Actually, Keith mentioned implicit int, which is still allowed in C89.
Isn't the following a conforming C89 program where the presence of the
auto keyword has an effect?

#include <stdio.h>
int main(void)
{
int i;

i = 1;
{
/* Because auto makes this an implicit-int declaration, this is
a no-op. */
auto i = 0;
}

printf("auto did%s have an effect\n", i? "" : " not");
return EXIT_SUCCESS;
}

Apart from EXIT_SUCCESS being undeclared (it's in <stdlib.h>, not
<stdio.h>), I'm not sure. I had thought that C89/C90 allows implicit
int only for functions, not for objects, but I might be mistaken. (I
just took a quick look through the C90 standard and didn't find
anything definitive.)

I'm sure someone here can provide the appropriate chapter and verse.
 
B

Ben Pfaff

Keith Thompson said:
Apart from EXIT_SUCCESS being undeclared (it's in <stdlib.h>, not
<stdio.h>), I'm not sure. I had thought that C89/C90 allows implicit
int only for functions, not for objects, but I might be mistaken. (I
just took a quick look through the C90 standard and didn't find
anything definitive.)

I'm sure someone here can provide the appropriate chapter and verse.

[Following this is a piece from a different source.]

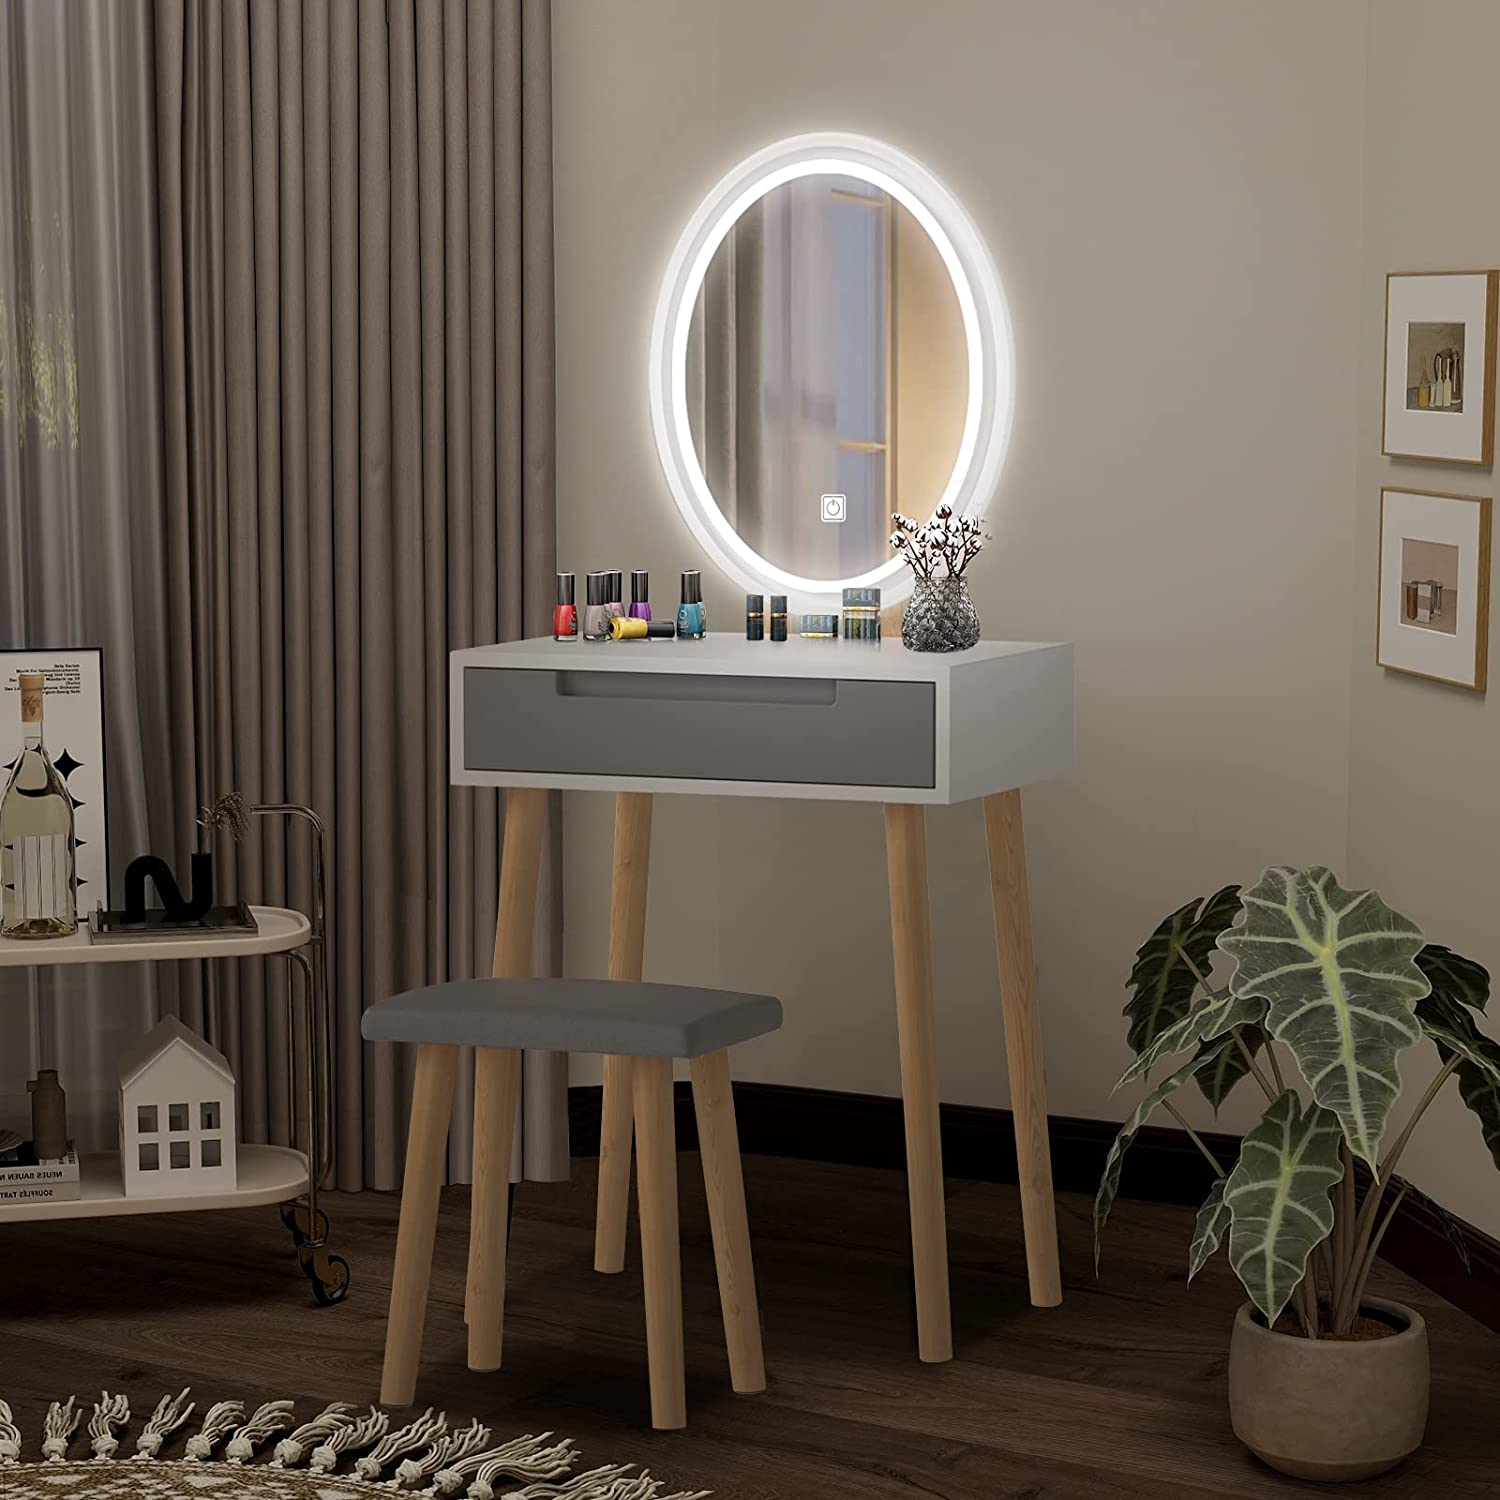 Makeup Vanity Table Set with Stool HW1151 and lighting mirror

It's hard to provide exact C&V that prohibits something that's
not prohibited. My C standard notes say the following:

In C90, a declaration without a type specifier had `int'
supplied by default, called "implicit `int'" (C89 6.5.2#3).
C99 disallows this practice, requiring that a type specifier
be explicitly supplied (C99 6.7.2#2).
 
K

Keith Thompson

Ben Pfaff said:
It's hard to provide exact C&V that prohibits something that's
not prohibited. My C standard notes say the following:

In C90, a declaration without a type specifier had `int'
supplied by default, called "implicit `int'" (C89 6.5.2#3).
C99 disallows this practice, requiring that a type specifier
be explicitly supplied (C99 6.7.2#2).

It's not just not prohibited; there's an explicit rule that says that
a declaration with no type specifier is implicitly of type int. I
missed it because it's fairly well hidden in C90 6.5.2:

Constraints

Each list of type specifiers shall be one of the following sets
(delimited by commas, when there is more than one set on a line);
the type specifiers may occur in any order, possibly intermixed
with the other declaration specifiers.

-- void
-- char
[snip]
-- int, signed, signed int, or no type specifiers
[snip]

Semantics

[snip]

Each of the above comma-separated sets designates the same type,
except that for bit-fields, the type signed int (or signed) may
differ from int (or no type specifiers).

So it looks like I was correct to think that I might be mistaken.
 
B

Ben Pfaff

Keith Thompson said:
It's not just not prohibited; there's an explicit rule that says that
a declaration with no type specifier is implicitly of type int. I
missed it because it's fairly well hidden in C90 6.5.2:

Indeed. That's why I, above, cited the paragraph containing this
very list.
 
C

Chris Dollin

Michael said:
And it's high time the committee did something about that, too. Quick,
someone invent a new use for "auto".

Using `auto` on a declaration outside a function allows its initialising
expression to be non-static; the value is computed no later than the
first dynamic reference to the variable, and no sooner than all other
variables referenced in that expression.

Delightfully, this allows you to have `auto static` (or, of course,
`static auto`) variables.

An obvious extension is to allow `auto static` inside a function. Naturally
the initialisation expression can here refer to in-scope auto variables.